- Exercise instructions: Could you give the data below again exactly, apart from the pictures?

- Collected data:

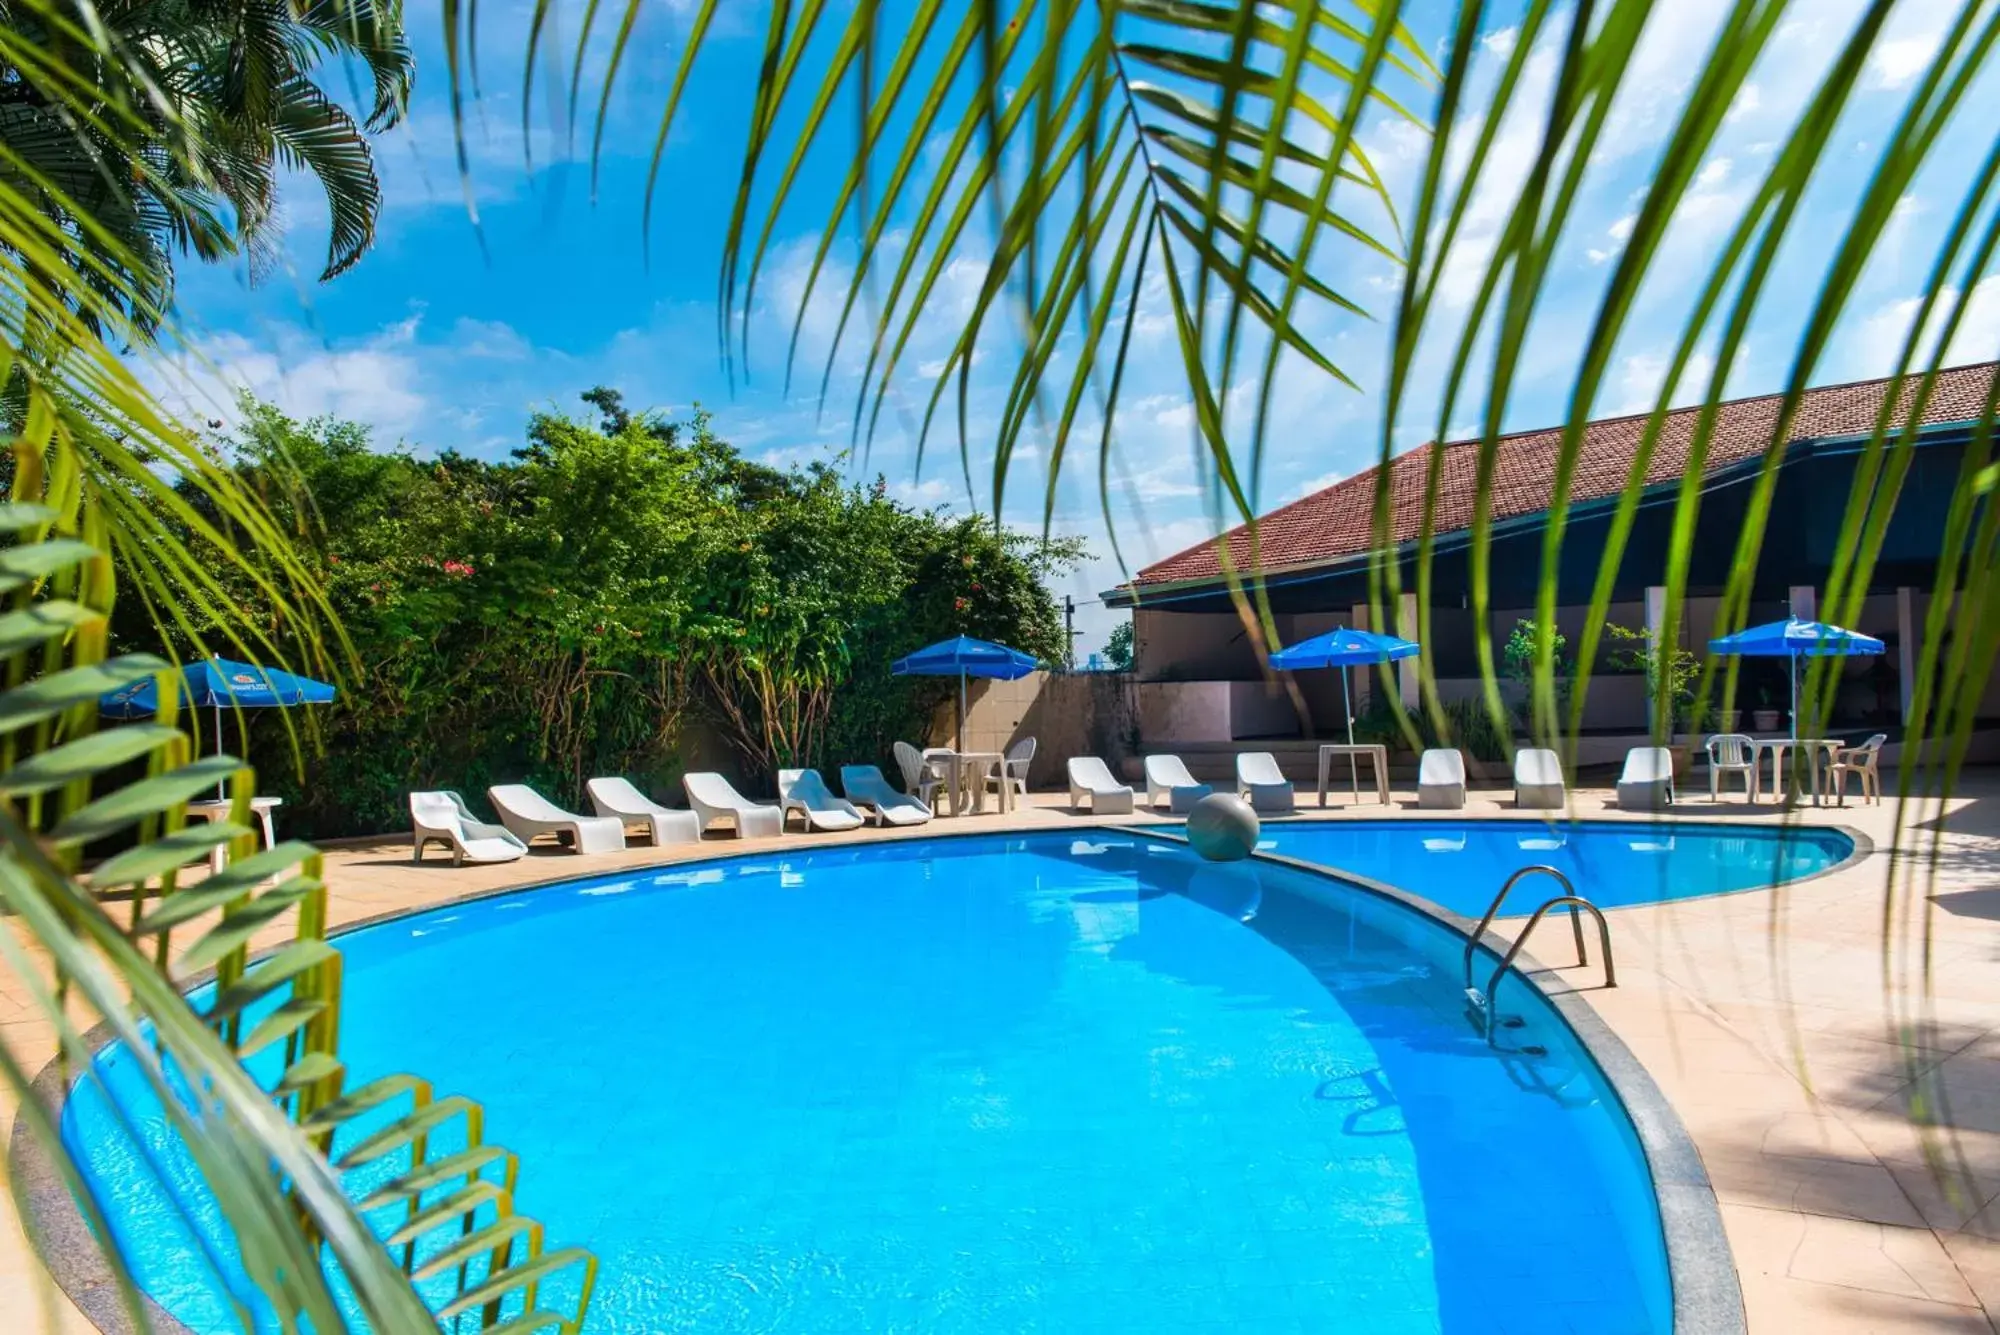 Swimming Pool in Manacá Hotel
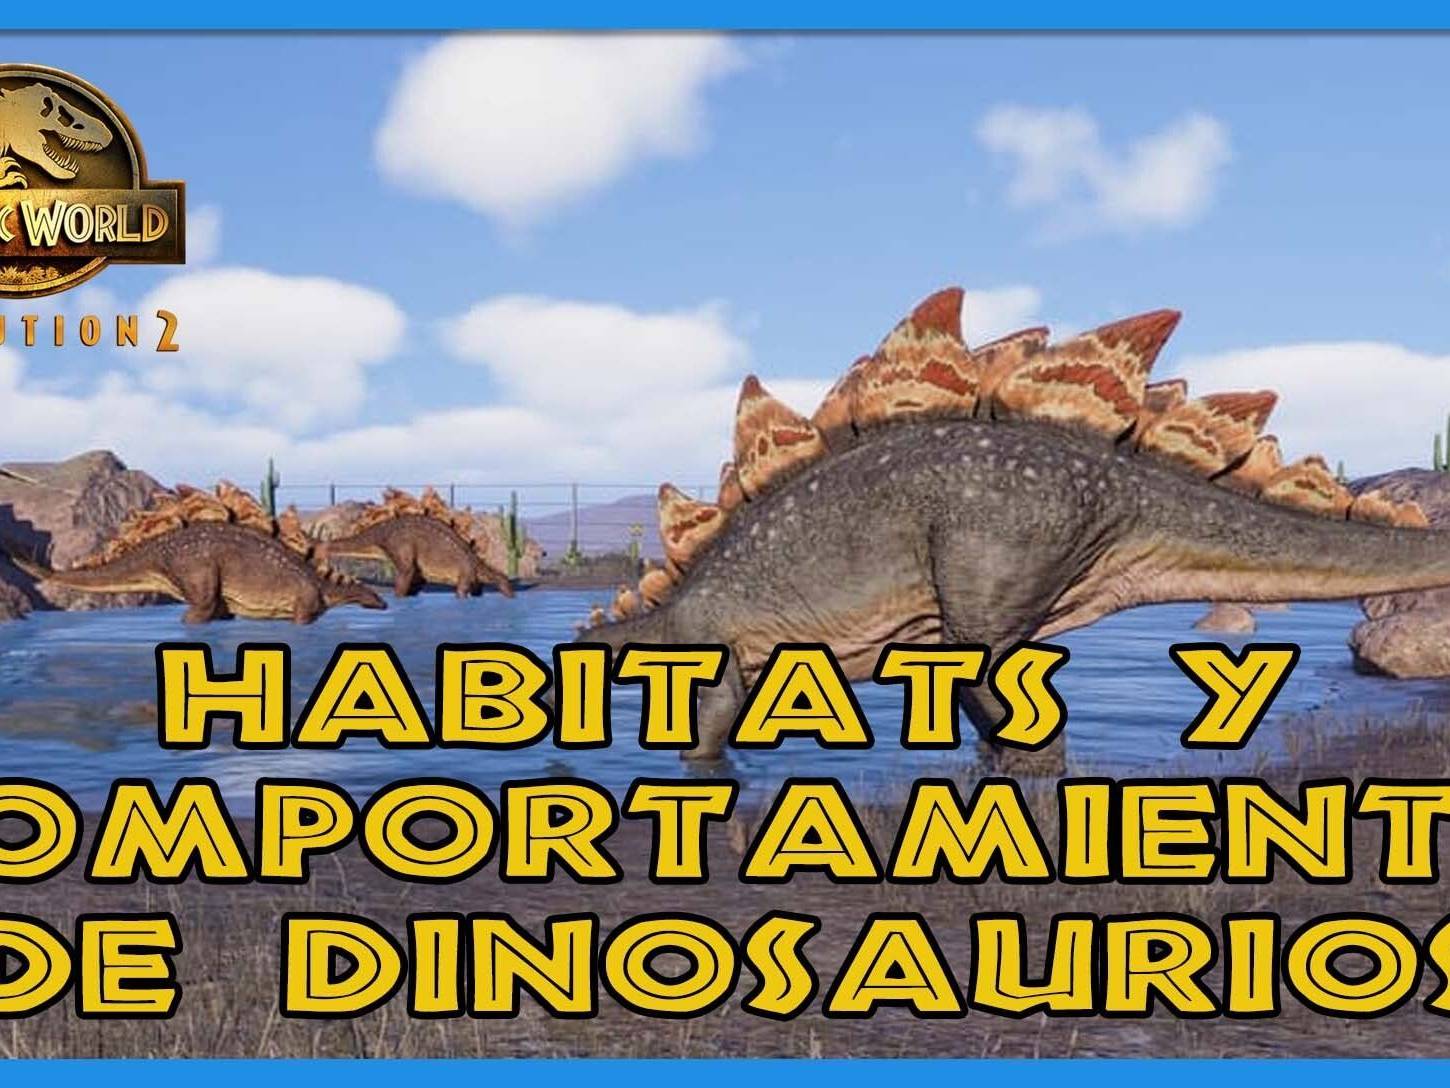 Jurassic World Evolution 2: hábitat y comportamiento de dinosaurios
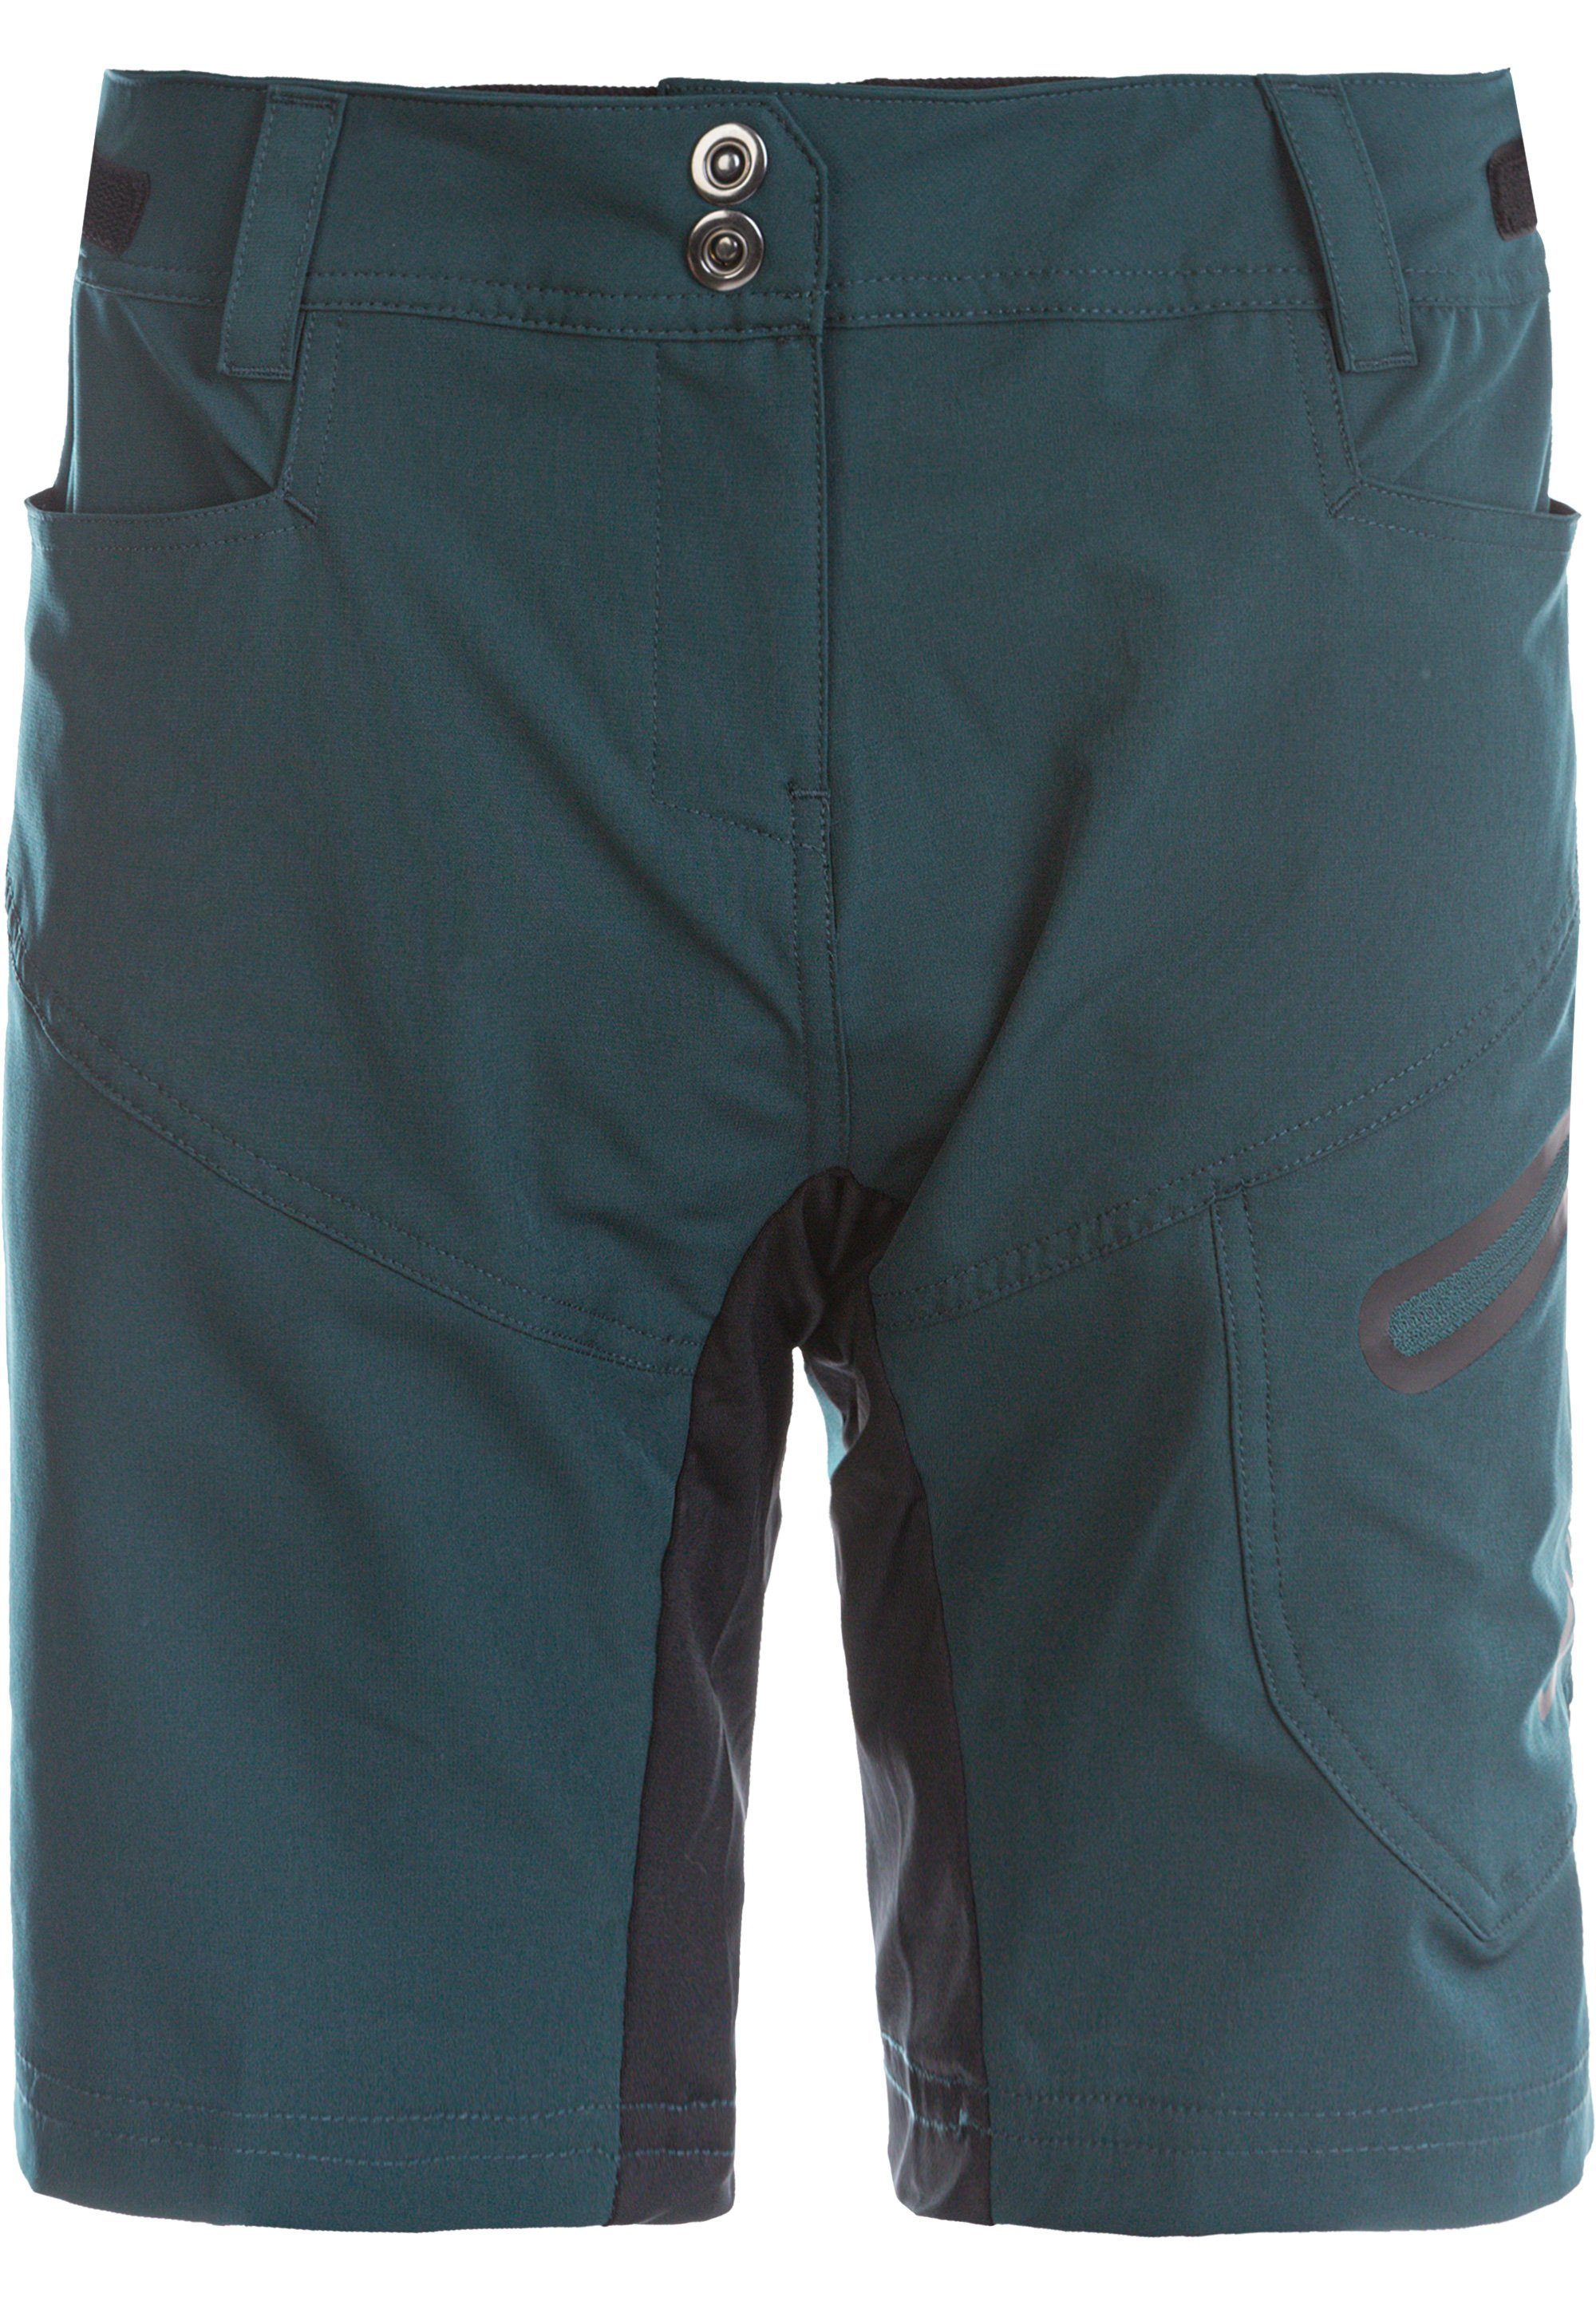 Shorts herausnehmbarer mit W Jamilla Radhose 1 2 Innen-Tights in dunkelgrün ENDURANCE

- Exercise solution:
 Swimming Pool in Manacá Hotel
 Jurassic World Evolution 2: hábitat y comportamiento de dinosaurios
 Shorts herausnehmbarer mit W Jamilla Radhose 1 2 Innen-Tights in dunkelgrün ENDURANCE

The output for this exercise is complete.